Oh yes - i meant positive integers...I changed it from the original "natural numbers" - but accidentally wrote nonnegative...

Call the minimum possible value of the expression $d$. Obviously, $d \leq{14}$, because $14 = |2011^{1}-45^{2}|$. Note also that $d$ is even, as the expression itself is even.
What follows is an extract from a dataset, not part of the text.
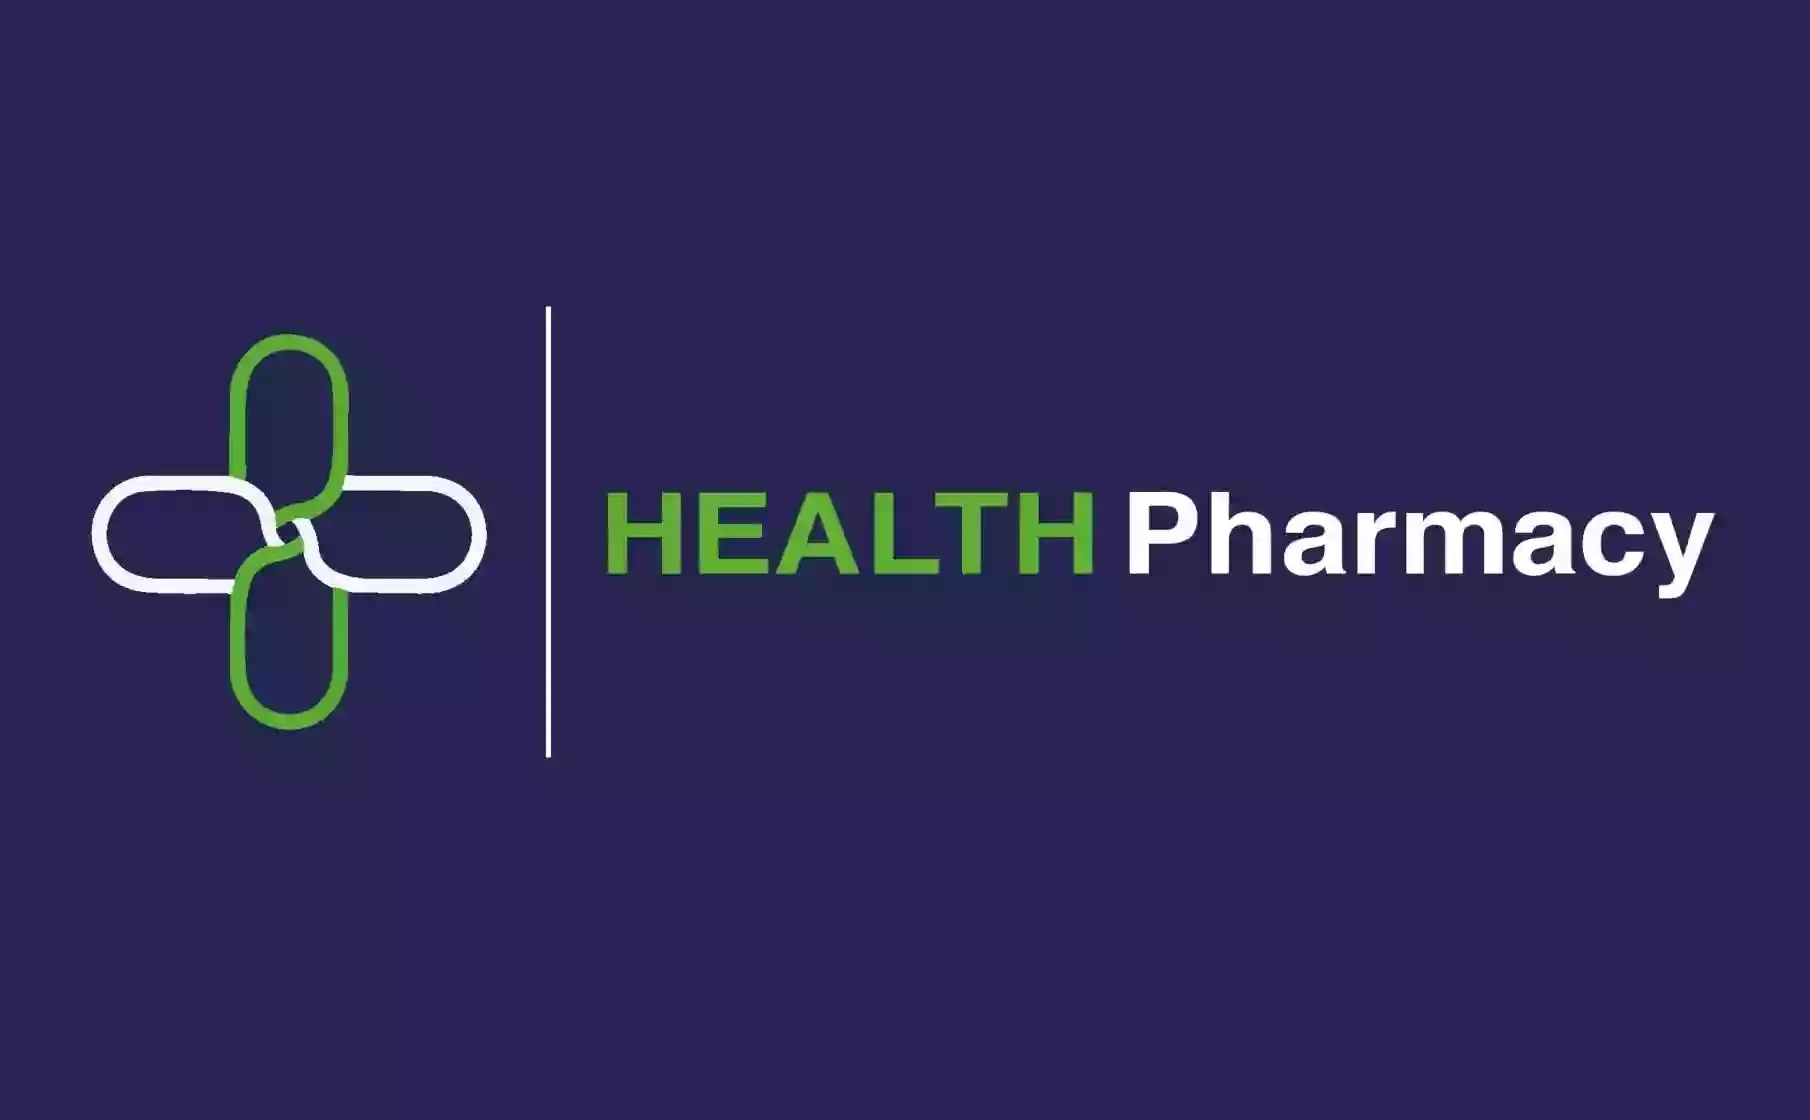 Health Pharmacy - North Harrow

Also, $d$ is not divisible by $3,5$. Hence, the only possible values for $d$ are $2,4,8,14$. Note also that $2011^{m}$ is congruent to $1 mod 5$, $45^{n}=0(mod 5)$ for any $m$, so $d=1(mod 3)$. It means that either $d=1(mod 5)$ or $d=4(mod 5)$. It means that values $2,8$ are eliminated from the possible numbers' list of $d$. Now, $d=4$ or $d=14$. Assume $d=4$. Consider 2 cases: 1) $2011^{m}-45^{n}=4$ For this case, obviously $45^{n}=1(mod 4)$ and therefore, $2011^{m}=(-1)^m (mod 4)$. So, in order to have $(-1)^m=1(mod 4)$, we must take $m=2a$ for some positive integer $a$. $ (2011^{a}-2) (2011^{a}+2) = 3^{2n} \cdot {5^{n}}$. From the last equality, it's clear that $2011^{a}-2$ and $2011^{a}+2$ differ by $4$, so one of them should be divisible by $3^{2n}$ and the other one by $5^{n}$, so $9^n-2^{n}=4$ which gives $n=1$ but then $a$ doesn't exist. 2) $45^{n}-2011^{m}=4$, or $45^{n}-4=2011^{m}$ $45^{n}-4=2(mod 3)$, but $2011^{m}=1(mod 3)$. Hence, both cases are impossible and the minimal possible value is \[14\].

Easy. Just use mod 5 and 3 in two cases to get that the minimum is 14 for m=1, n=2.